Anyway, it is an interesting experience flipping through these photos while contemplating the horror AND the beauty of war and trying to reconcile what it means that we as a people need to constantly feed on both.

* I mean think about it for a minute corporate attorneys for the Gray Lady. Think hard. Think rationally. Yes, perhaps, David Shields might have exposed something negative associated with your paper, but it isn't like JUDITH "FUCKING" MILLER negative, or JASON "FUCKING" BLAIR negative. It is like saying, hey, there might be some negative things that happen when you make something inherently ugly look pretty day after day. It doesn't make you look great, but hell, print is dying and if this small feather gets added to what you are already carrying, NFBD. But sue? Now, all of a sudden, a small book from a small publisher in Brooklyn gets featured in blogs and NPR and shit. All of a sudden some dude in Arizona who would probably never hear about your damn problem with this David Shields using thumbnail photos of your front page gets pissed by your presumption and the fact that you are basically just suing because you can and you're kinda assholes at heart, so he decides to buy the book to: 1) support David Shields, 2) curiosity, 3) support this small Brooklyn publisher, and 4) basically tell the New York Times they are assholes in a passive way.

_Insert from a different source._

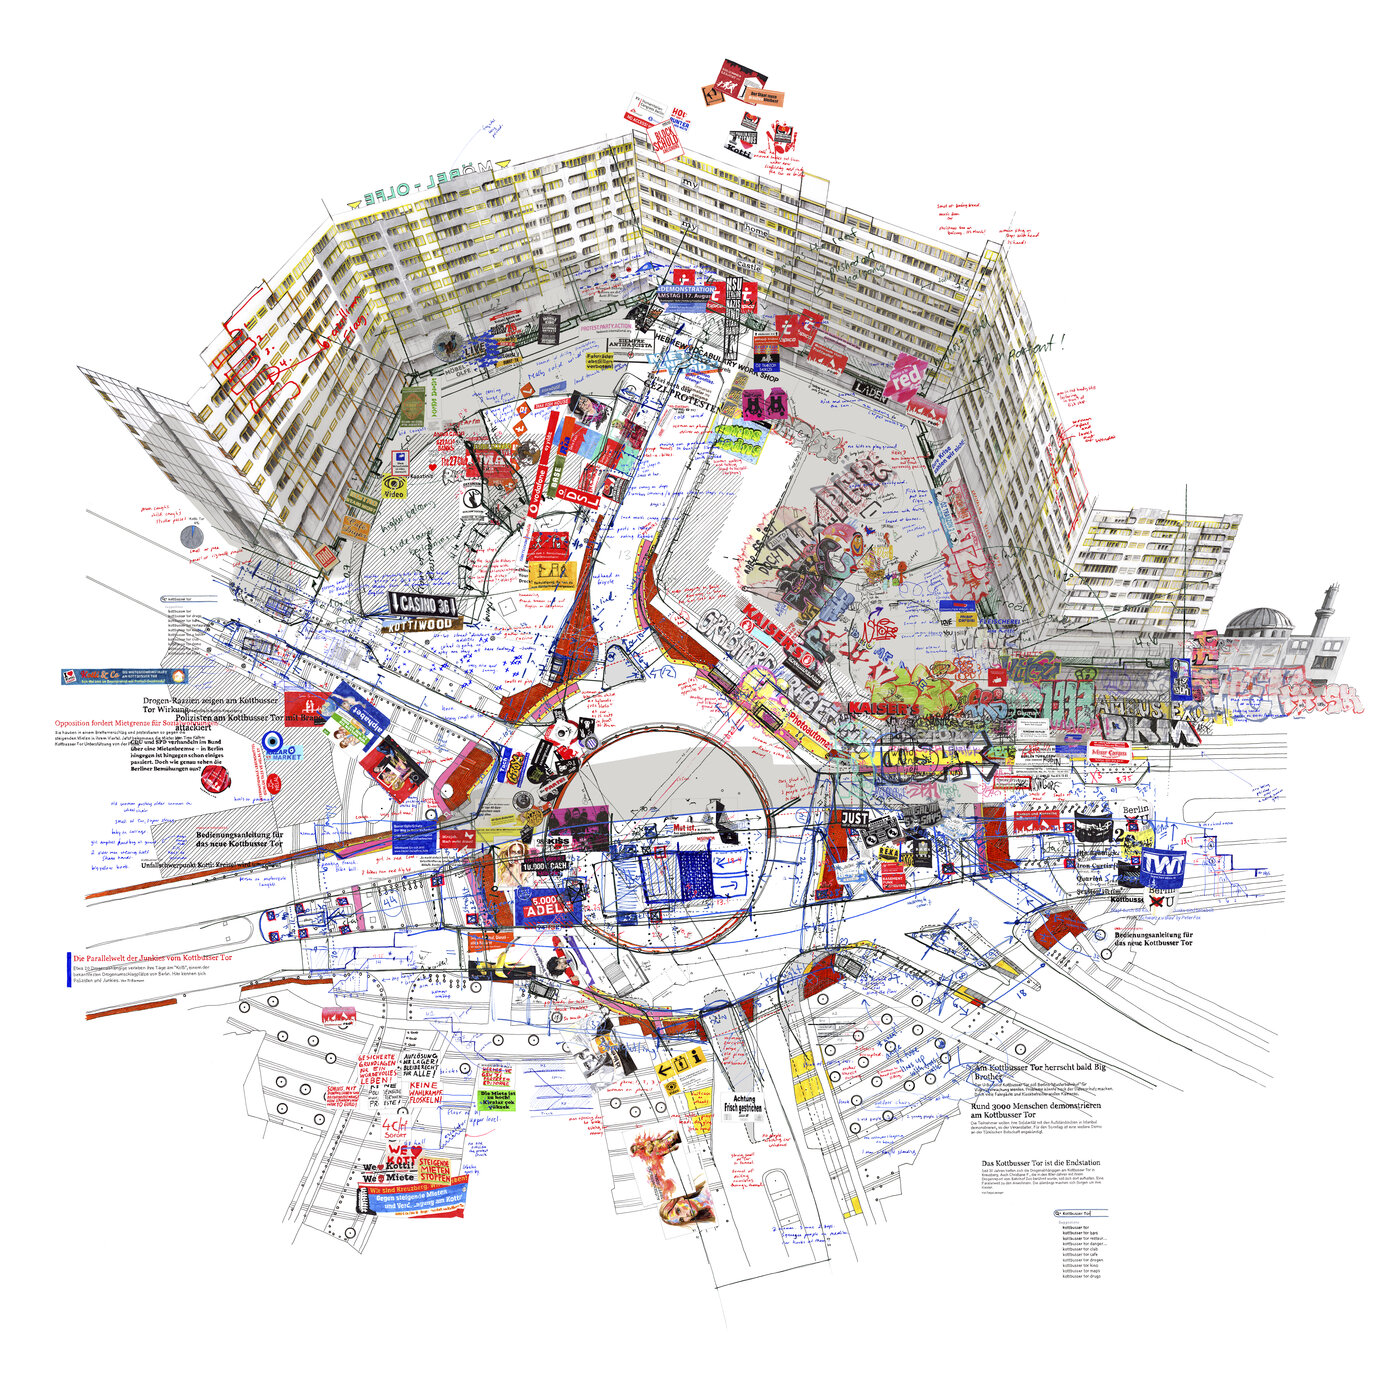 illustrated map of Kotbusser Damm by Larissa Fassler

So, who wins really? David Shields and the small publisher in Brooklyn I imagine. I mean the law suit is probably frivolous, but he sells more books. I mean damn, don't you know how marketing works? Maybe if you spent more time figuring out how to market your damn paper in an age where most people get their news from Twitter, and LESS time badgering some guy who is making an 80% solid point about pictures and the press (which really only tangentially has anything to do you with the wrinkled Gray Lady), you could have kept me on as a paying subscriber and hell, I might have even conned my company into subscribing to your paper for me. Seriously, it just opens a whole can of beautiful worms regarding the priorities of your paper's management.